Baseline smt-8: Execution time mean : 2.386019 sec
My first attempt: Execution time mean : 48.977240 ms
(defn smt-8'' [times-vec]
(loop [res (transient []) pointer-1 0 pointer-2 7]
(if-let [end-element (get times-vec pointer-2)]
(let [start-element (get times-vec pointer-1)
time-diff (- end-element start-element)]
(recur
(if (< time-diff 1000)
(conj! res [(subvec times-vec pointer-1 (inc pointer-2))
time-diff])
res)
(inc pointer-1)
(inc pointer-2)))
(persistent! res))))
With performance tweaks: Execution time mean : 23.567174 ms (defn smt-8''' [times-vec]
(binding [*unchecked-math* true]
(loop [res (transient []) pointer-1 (int 0) pointer-2 (int 7)]
(if-let [end-element (get times-vec pointer-2)]
(let [start-element (get times-vec pointer-1)
time-diff (- end-element start-element)]
(recur
(if (< time-diff 1000)
(conj! res [(subvec times-vec pointer-1 (inc pointer-2))
time-diff])
res)
(inc pointer-1)
(inc pointer-2)))
(persistent! res)))))
Less idiomatic as I'm using an array: Execution time mean : 1.678226 ms (defn smt-8'' [^"[J" times-arr]
(binding [*unchecked-math* true]
(loop [res (transient []) pointer-1 (int 0) pointer-2 (int 7)]
(if (< pointer-2 (alength times-arr))
(let [start-element (aget times-arr pointer-1)
end-element (aget times-arr pointer-2)
time-diff (- end-element start-element)]
(recur
(if (< time-diff 1000)
(conj! res [(mapv #(aget times-arr (+ pointer-1 %)) (range 8))
time-diff])
res)
(inc pointer-1)
(inc pointer-2)))
(persistent! res)))))
All my solutions produce exactly the same result where it includes both the list of elements and their time difference.(set! unchecked-math true)
globally, wrapping in a binding like I did does nothing, since it needs to be set at compile time. My measurement were with it set globally.
Immutability has a price and it's a price we're consciously paying. JVM also has a performance cost, but it's well worth paying due to the wins of running on a virtual machine.
For most boiler-plate tasks, especially where I/O is involved, Clojure is fast enough (eg. handling HTTP requests or talking to a database).
The true power of Clojure, in my opinion, is in how it allows you to think about problems; that machines produce side effects by interpreting a data structure, that the program is one transformation of the input data structure to the target data structure for the desired side effect. You don't think in terms of imaginary objects 'doing' things, you think about the input data structure and how the output data structure should look like, such that if fed to a library function, the desired side effect will occur (eg. the text will be printed or the robot arm will rise).

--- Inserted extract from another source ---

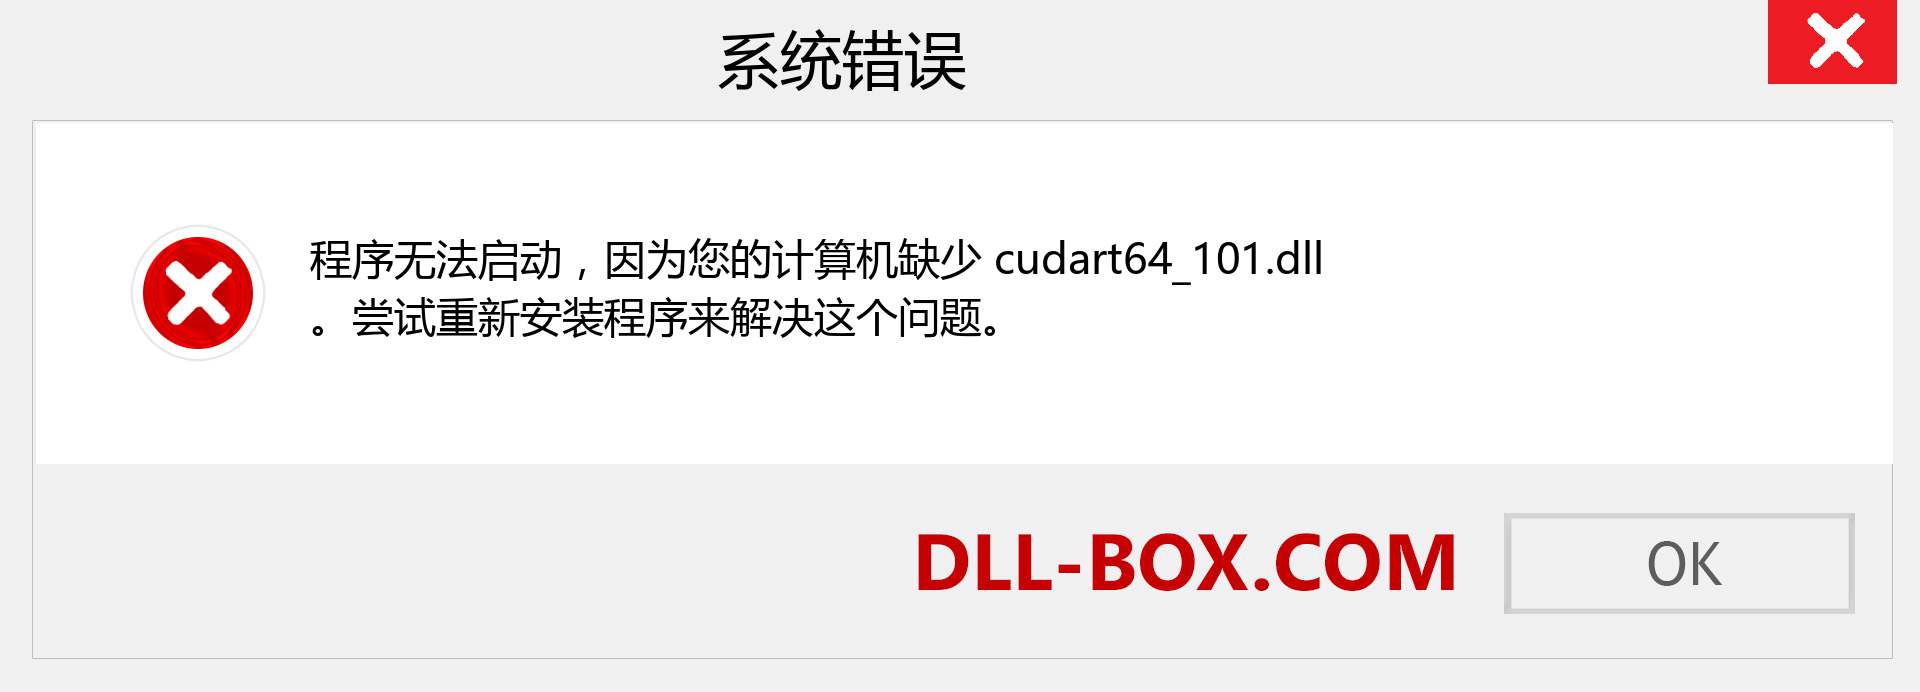 cudart64_101.dll 文件丢失？。 适用于 Windows 7、8、10 的下载 - 修复 Windows、照片、图像上的 cudart64_101 dll 丢失错误

This mode of thinking about problems is closer to how machines actually work on a higher level and amusingly, 'close to the metal' C++, offers abstractions which take the writer into a fairy tale of class hierarchies, methods that 'do' things to other things, inserting, deleting, mutating everything all over the place. Because that's efficient and fast (and dangerous). But it's also focused a lot on telling the machine 'how' to run; while coincidentally making it do 'what' you want it to do. As a wizard who can put that orchestra with swords and knifes in motion without too much blood spilling on the floors, you can't but feel proud to have achieved it.
Data in -> data out. That's Clojure's way of thinking.
It's a lot simpler way of looking at the problem and maybe makes the `->` feel a bit insignificant and maybe not that important in most cases, as long as it produces the correct output.
The biggest performance hit will be choosing the wrong data structure for solving the problem in a functional way. If that's done correctly, Clojure does offer some tools for squeezing a bit more out of performance critical pieces of code (the articles covers some). Those should be a couple of functions in all your code base; for the boilerplate and domain logic or code involving non realtime I/O, it doesn't matter that much.
If performance is a big concern and you end up writing imperative code in Clojure, I think you'll be better off writing the bits in Java or choose a different language, which is better designed for that purpose.